Heidenheimer Zeitung – 14.04.2018
Ania Losinger zeigte mit ihrer Xala eine völlig neue Symbiose von Tanz und Musik in der Heidenheimer Stadtbibliothek.
Ein Instrument, das gemacht ist für einen fetten Sound: So beschreibt die Schweizerin Ania Losinger ihre Xala, mit der sie am Donnerstagabend zusammen mit Mats Eser am E-Piano die rund 90 Gäste in der Heidenheimer Stadtbibliothek auf eine Reise in ganz neue Klangwelten mitgenommen hat.
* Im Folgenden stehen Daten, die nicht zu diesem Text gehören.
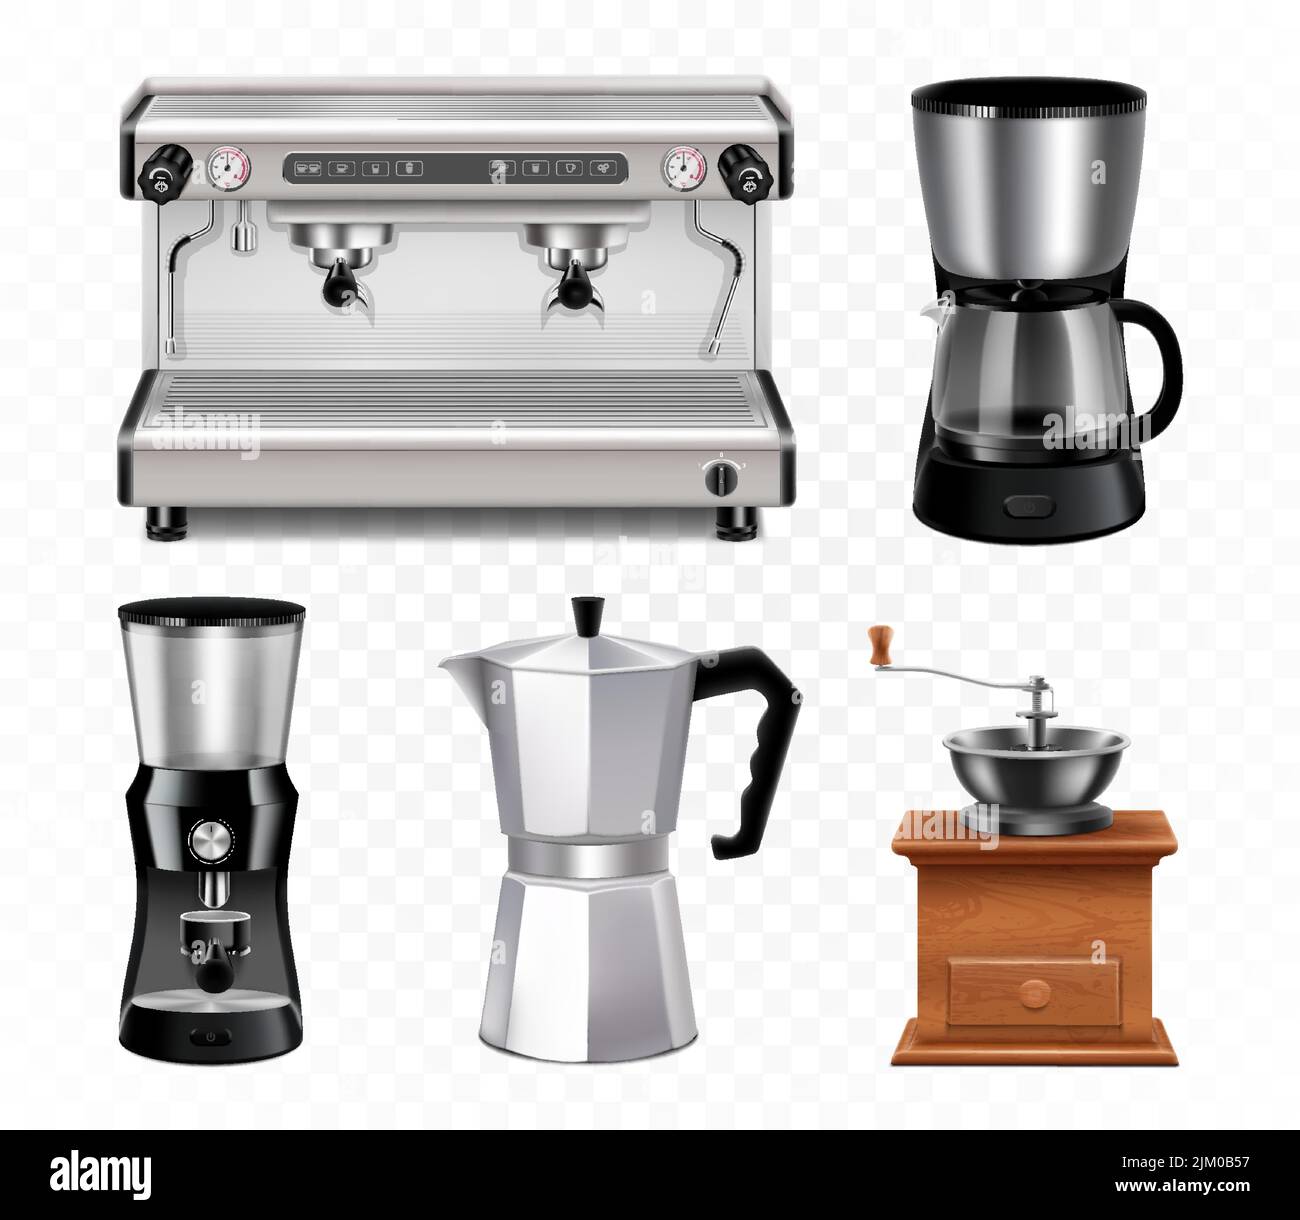 https://c8.alamy.com/comp/2JM0B57/different-types-of-coffee-makers-and-coffee-machines-coffee-maker-professional-coffee-machine-manual-coffee-grinder-turkish-coffee-pot-realistic-2JM0B57.jpg

Wobei die Xala, abgeleitet vom baskischen Perkussionsinstrument Txalaparta, auf den ersten Blick gar nicht danach aussieht, als würde man ihr Töne entlocken können. Ein kleines Podest aus Holz- und Metallplatten, das unauffällig in der Mitte der Bühne steht. Beleuchtet von ein paar Scheinwerfern, im Hintergrund eine weiße Leinwand. Daneben das ebenso schlichte Fender Rhodes, ein Elektropiano aus den 70er-Jahren. Zurückhaltung scheint die Devise.
Gefüge aus Rhythmus und Takt
Dann tritt Losinger auf die Bühne, ganz in Schwarz und mit ganz viel Glitzer. Sie macht ein paar anmutige Schritte, in jeder Hand einen langen Holzstab. Als sie los legt, ist da keine Spur mehr von Zurückhaltung. Mit dem ersten kräftigen Tritt auf den hinteren Teil der Xala ertönt ein satter Bass, die zweite und dritte Fußbewegung lassen sphärische Klänge durch den Margarete-Hannsmann-Saal schweben.
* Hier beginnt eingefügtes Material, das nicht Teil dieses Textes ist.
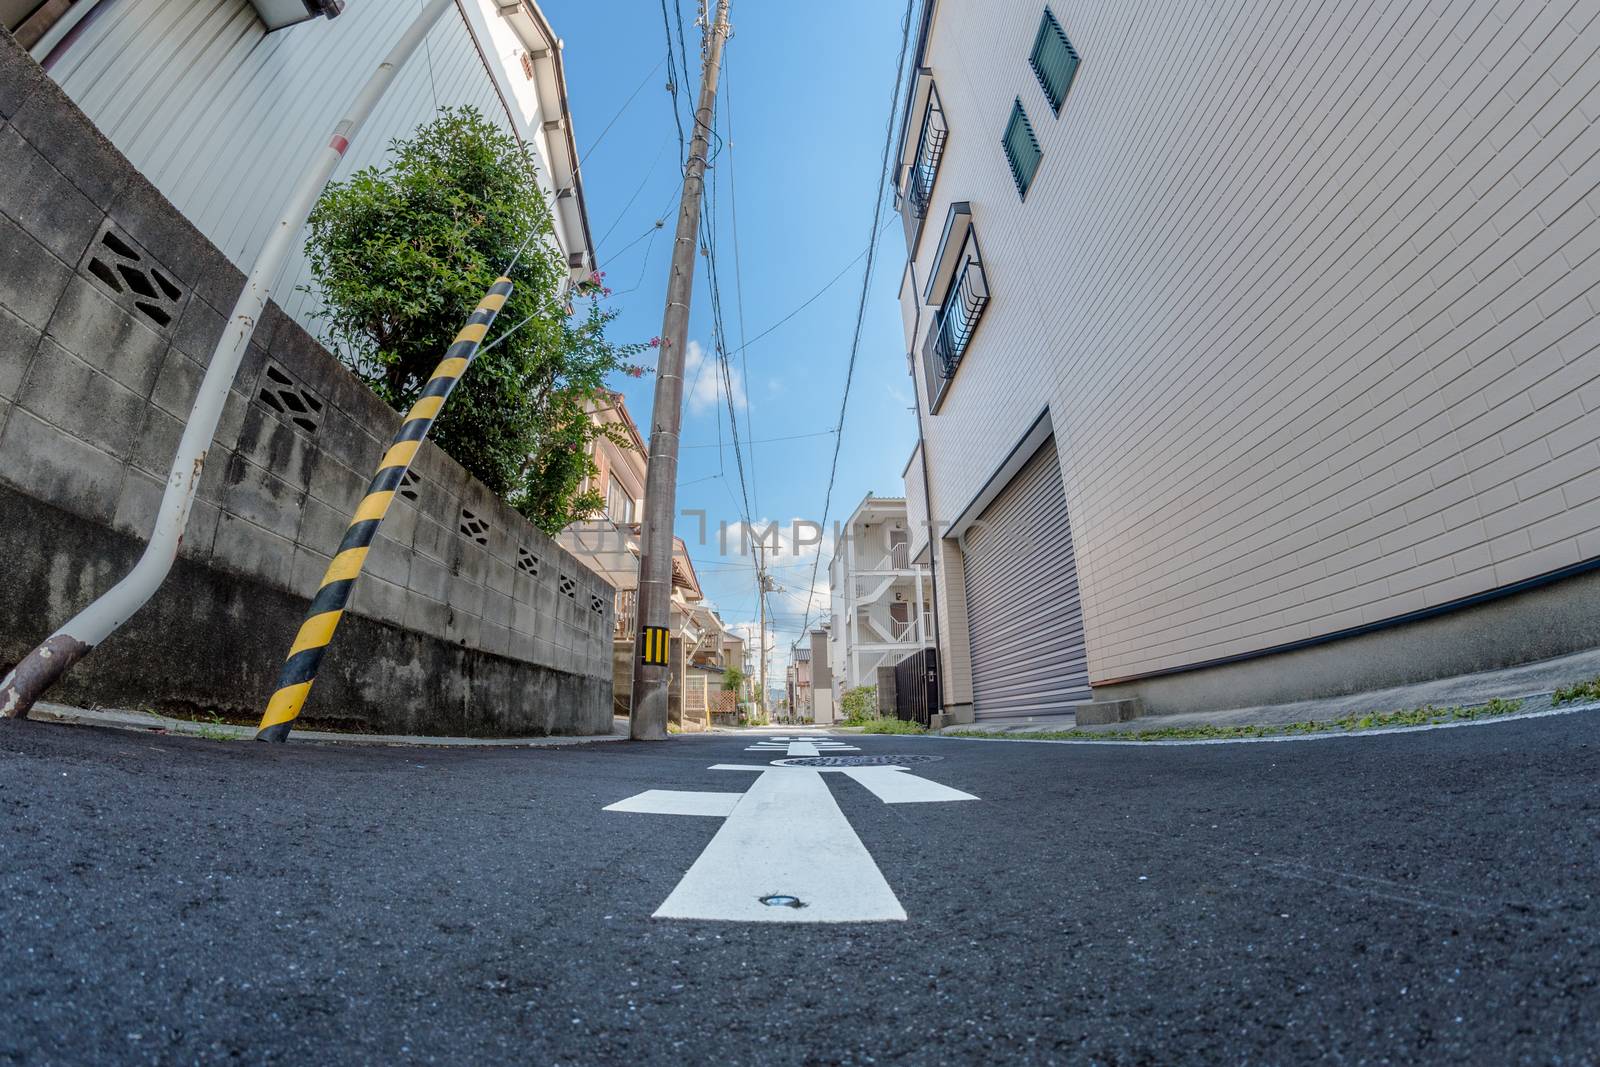 Street in Japan by justtscott

Was dann folgt, ist eine ineinander übergehende Abfolge an Schritten und Tönen, die mal jazzig daherkommen, mal perkussiv und auch mal ganz klar und reduziert, wenn Mats Eser am Piano in den Vordergrund tritt. Überhaupt sind die beiden ein perfekt aufeinander abgestimmtes Team. Ein Blick genügt, um punktgenau das nächste Stück anzuspielen; jeder Schritt sitzt, jeder Ton hat die richtige Lautstärke und Dynamik und jeder Tastenanschlag ergänzt die Performance und macht sie gemeinsam mit der wechselnd beleuchteten Leinwand zu einem Gesamtkunstwerk. Ein Rhythmus-Takt-Gefüge, das durch nichts aus der Ruhe zu bringen ist.
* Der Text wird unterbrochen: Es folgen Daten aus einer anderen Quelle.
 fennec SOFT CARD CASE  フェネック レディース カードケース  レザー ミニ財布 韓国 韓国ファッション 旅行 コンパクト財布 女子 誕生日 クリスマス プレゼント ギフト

Und bei jeder Bewegung kommt in Ania Losinger die Flamencotänzerin durch. Ein Fuß schlägt, der andere rutscht seitlich nach vorne weg, geht rhythmisch auf und ab, dazu die eleganten Handbewegungen einer Tänzerin – unwillkürlich fragt sich der Zuschauer da, wie Losinger diese unglaublich schnellen Schrittfolgen in den zum Großteil über fünf Minuten dauernden Stücken durchhält, ohne einen Wadenkrampf zu bekommen. Davon jedoch scheint die Schweizerin weit entfernt zu sein: Mühelos schwingt sie die beiden Holzstäbe, flicht hier und da noch eine schnelle Drehung ein und zeigt dabei den ganzen Abend über nichts als ein konzentriertes Lächeln.
So neu und ungewohnt die Klänge der Xala zusammen mit dem E-Piano in den ersten zehn Minuten sind, so schnell gewöhnt sich der Zuhörer dann aber an die ruhigen, teilweise fast schon meditativen Klänge. Und so keimt noch vor der Pause die Befürchtung auf, dass die Bandbreite des ungewöhnlichen Perkussionsinstrumentes nicht allzu groß ist.
Zur zweiten Hälfte des Abends erscheint Ania Losinger in neuem Outfit, und als wäre das ein Zeichen, erwartet die Zuschauer und Zuhörer dann doch noch die ein oder andere Überraschung. Zum Beispiel die, dass auch im Tanz und der Musik weniger manchmal mehr ist, denn am eindrucksvollsten präsentiert Losinger ihre Xala ausgerechnet in dem Stück, in dem sie mit reduzierten Klängen und ganz ohne die beiden Stöcke arbeitet.
Simpel, aber gut
Zurückhaltend startet Mats Eser ein Solo am Piano, Losinger steigt wortwörtlich mit ein, die Flamencoschuhe kratzen über die Xala und erzeugen einen Ton wie auf einem Becken. Der mächtige Bass, der dann ertönt, erinnert an einen Donnerschlag. Simpel, aber gut – und letztlich schade, dass die beiden nur eines von elf Stücken auf diese reduzierte Art und Weise gespielt haben. Dennoch: Das komplizierte Zusammenspiel von Takt, Tanz und Ton hat überzeugt – und war mal etwas völlig anderes.